Тюков: Зачем делать шестнадцать классов, когда можно в одном пройти как следует деятельность докладчика, а другие люди в другом классе будут осваивать другую роль, и так эта групповая норма будет транслироваться по частям, хотя это и противоречит, действительно, гуманистической традиции.

 

Щедровицкий: Нет, Ваши представления неверны. Потому что опыт работы нашего семинара показывает, что доктора наук ничего не осваивают. — здесь я перехожу уже к следующей части своего док­лада — и не потому, что они доктора наук и вообще уже ничего не осваивают, а потому, что это, все-таки, для них еще слишком трудно.

И я буду доказывать, что групповая интеллектуальная деятельность требует значительно более высокой интеллектуальной подготовки, нежели индивидуализированная, что это есть следующий, более высокий этап интеллектуальной деятельности, требующий от участника ее таких способностей, которых сейчас не получают ни в вузе, ни в аспирантуре, ни в докторантуре. И мы здесь дело с такой дифференциацией ролей и таким усложнением, детализацией самих мыслительных норм, которые современному человеку не под силу.

 

Писарский: Мышление представляется Вами как индивидуализированное. А как относительно деятельности?

 

Щедровицкий — А деятельность кооперативна. За счет наличия профессий. Но это сложный вопрос. И я прошу Вас относиться снисходительно к моему докладу. Потому что я во многих случаях не смогу это сформулировать понятийно. И не столько следует относиться снисходительно, но следует понимать, что это не столько вопрос ко мне, сколько Ваше участие.

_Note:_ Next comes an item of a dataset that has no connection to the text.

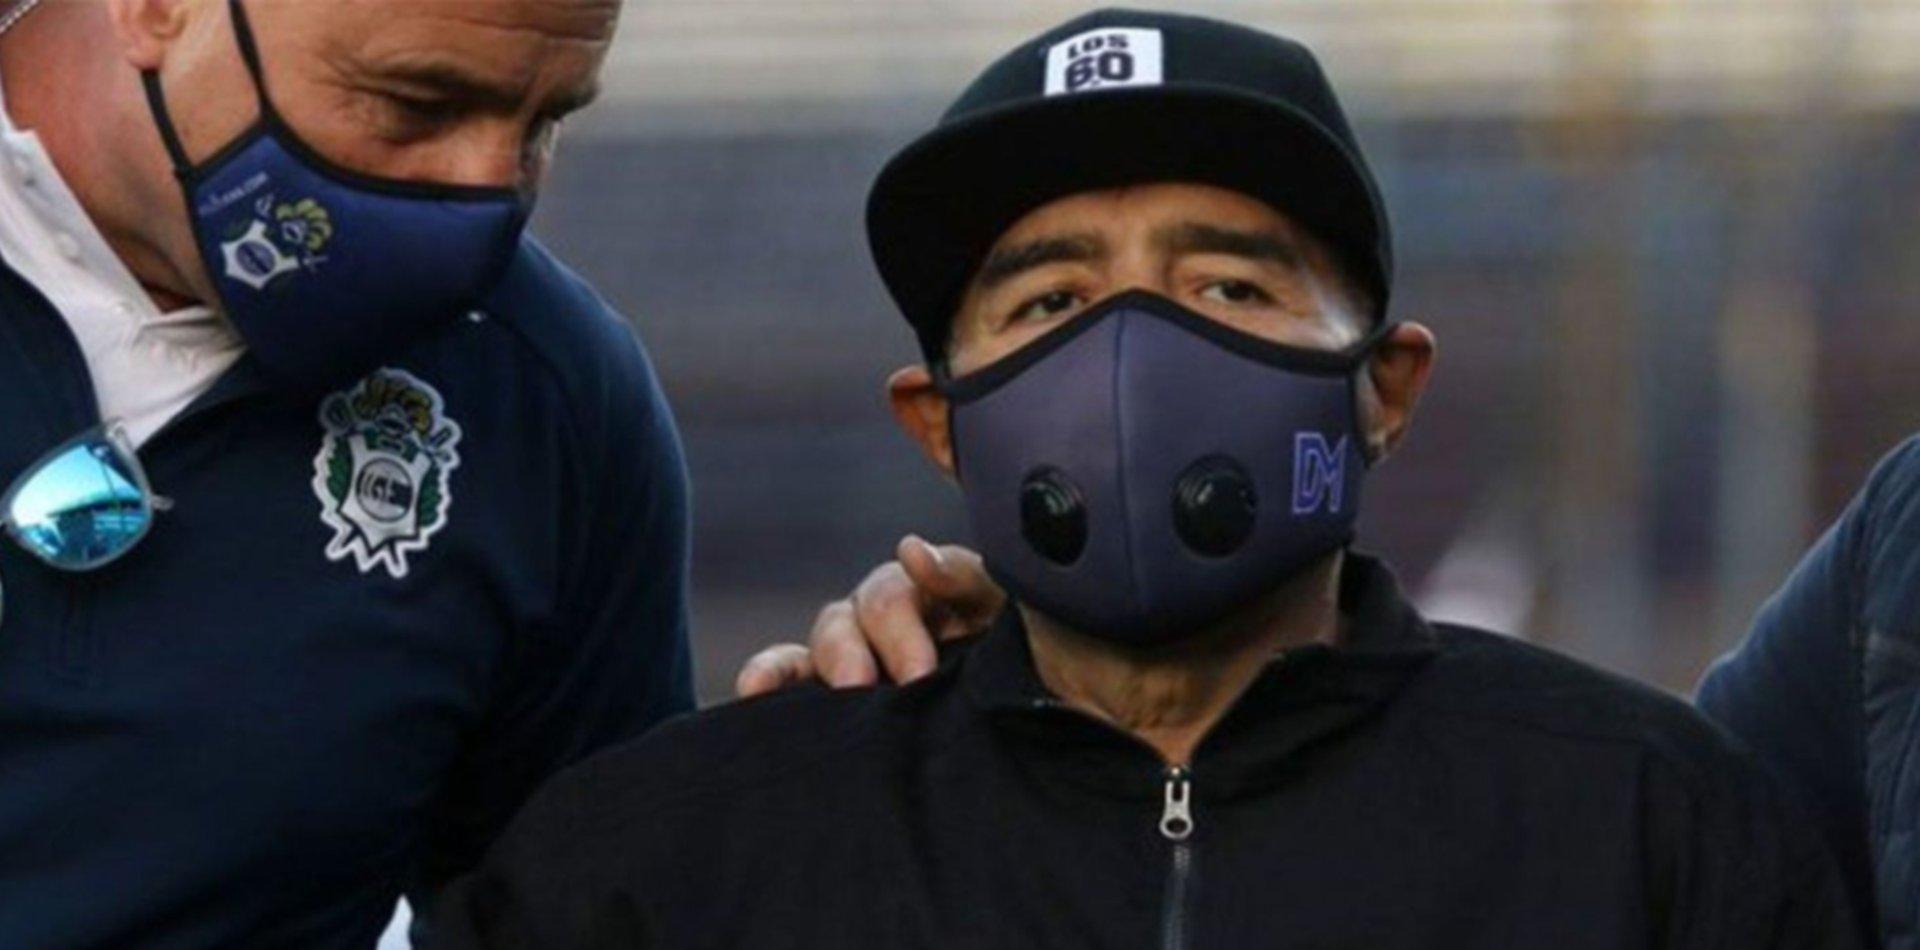 ¿Cuáles eran los dos pensamientos que atormentaban a Maradona días antes de morir?

Теперь я перейду к рассмотрению контрпримера, возникающего из всей этой проблематики. Причем первоначально должен буду дать феноменальное описание.

Я уже сказал _ и это надо все время иметь в виду — что на мой взгляд, с одной стороны, такое индивидуализированное нормативное представление поддерживалось существующей социотехнической практикой, т.е. — нормировкой, обучением, воспитанием и социальной организацией. Поэтому индивидуальная интеллектуальная работа была, вроде бы, фактом. Но, с другой стороны, конечно, развитие этих представлений в теоретической плоскости — логика, социология, психология — ни в коем случае нельзя объяснять одним влиянием социотехники. С того момента, когда этот круг идей сложился — возникли соответствующие схемы, появилось представление о единой и всеобщей логике — с этого момента сам этот круг идей оказывал рефлексивное давление на практику и на попытки рефлексивного осмысления и осознания ее.

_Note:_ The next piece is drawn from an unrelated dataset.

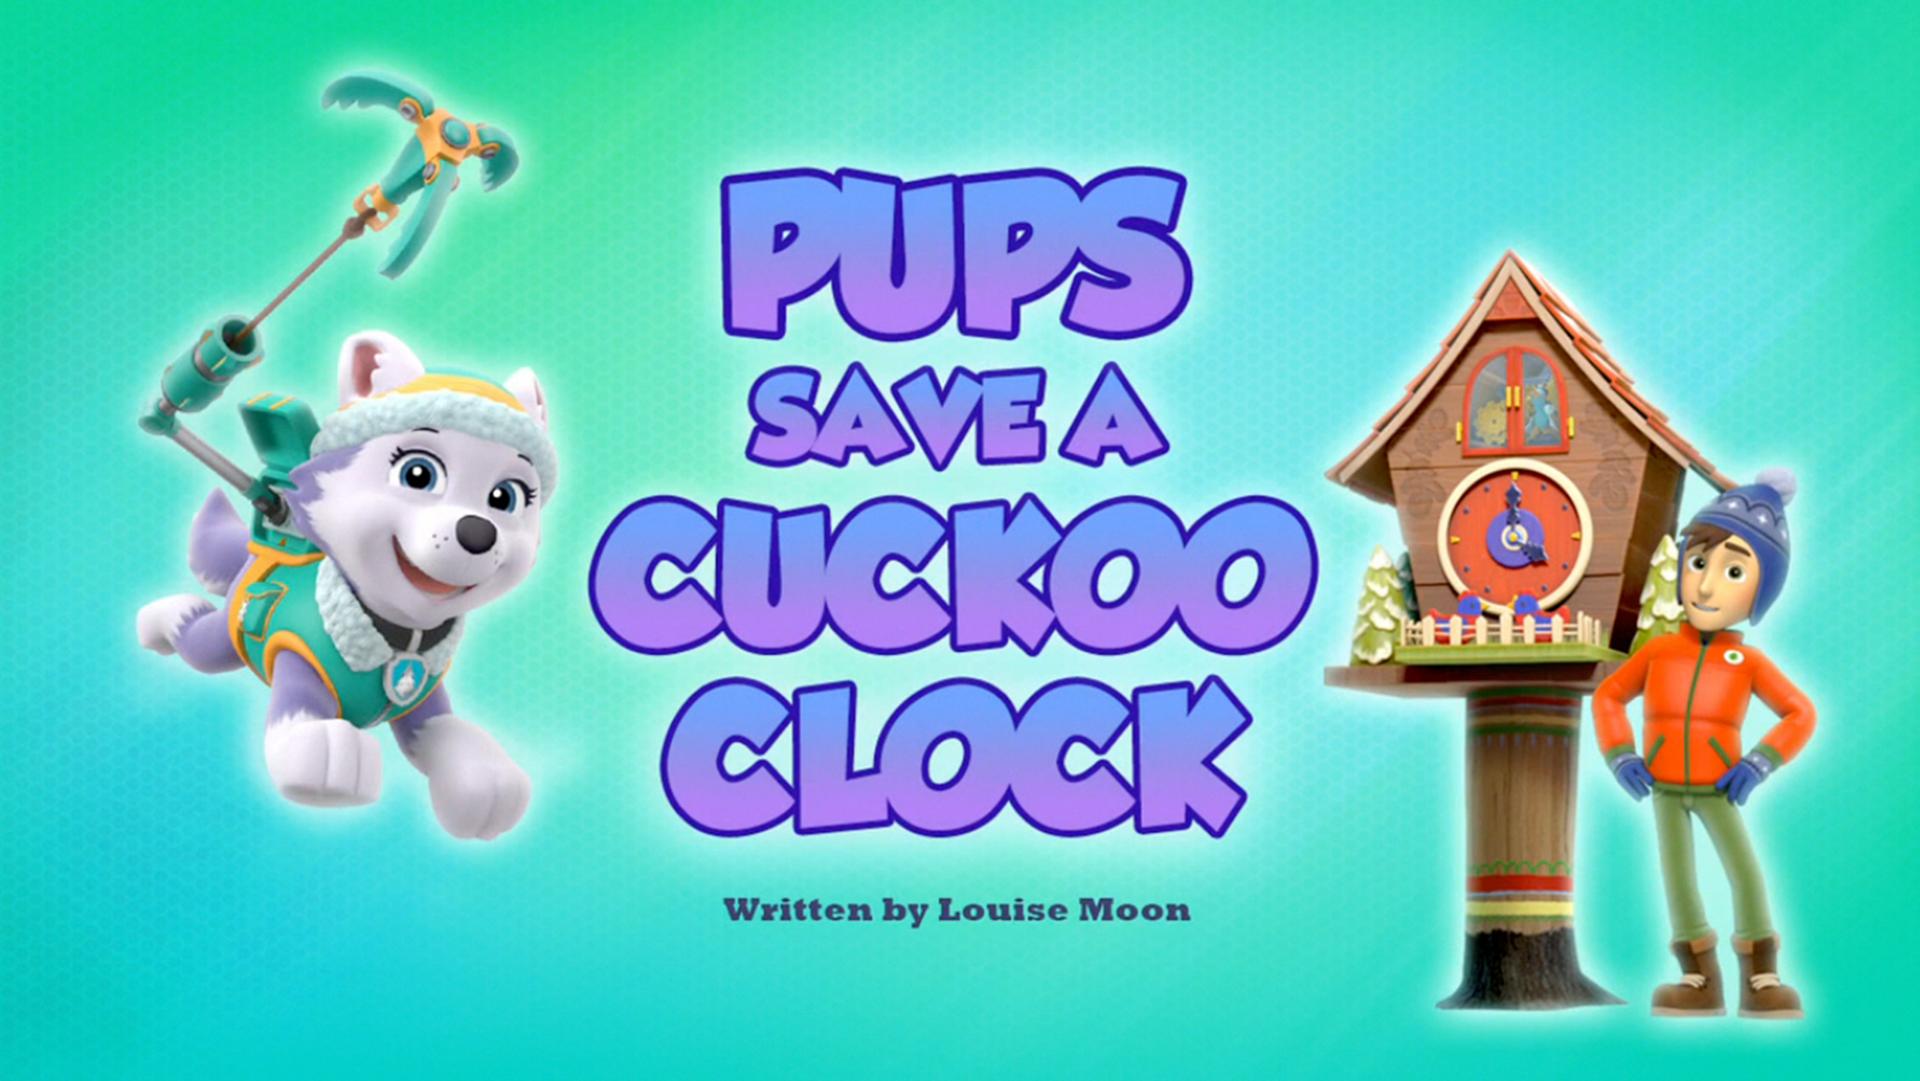 Pups Save a Cuckoo Clock

Кстати, с этой точки зрения, надо очень внимательно относиться к тезису о всеобщем и обязательном характере логики и ее единственности. Если вы начнете смотреть работы советских логиков, начиная где-то с 49 года, то буквально каждый считает своим долгом заявить, что логика едина для всех времен и народов. Это — идеологема, которая и делает возможным существование логики того рода, какая есть сейчас и соответствующего ее анализа. Эта идеологема определяет все подходы и получается следующее: сколько мы ни глядим на контрпримеры, т.е. на примеры различия логик разных групп и народов (это — работы Леви-Брюля, Уорфа и многих других), сколько мы ни глядим на групповую интеллектуальную деятельность, а видим только то, что зафиксировано в этой идеологии и в соот­ветствующих ей знаниях.

Этот момент, с моей точки зрения, характерен и для истории московского методологического кружка и объясняет многие коллизии. Это вот сейчас, в октябре 77 года я могу так смело рассказывать о групповой интеллектуальной деятельности и считать это само собой разумеющимся. А до года 71-72 происходила странная вещь. В своей реальной работе мы осуществляли групповую интеллектуальную деятельность, а строили при этом индивидуализированную теорию мыслительных процессов.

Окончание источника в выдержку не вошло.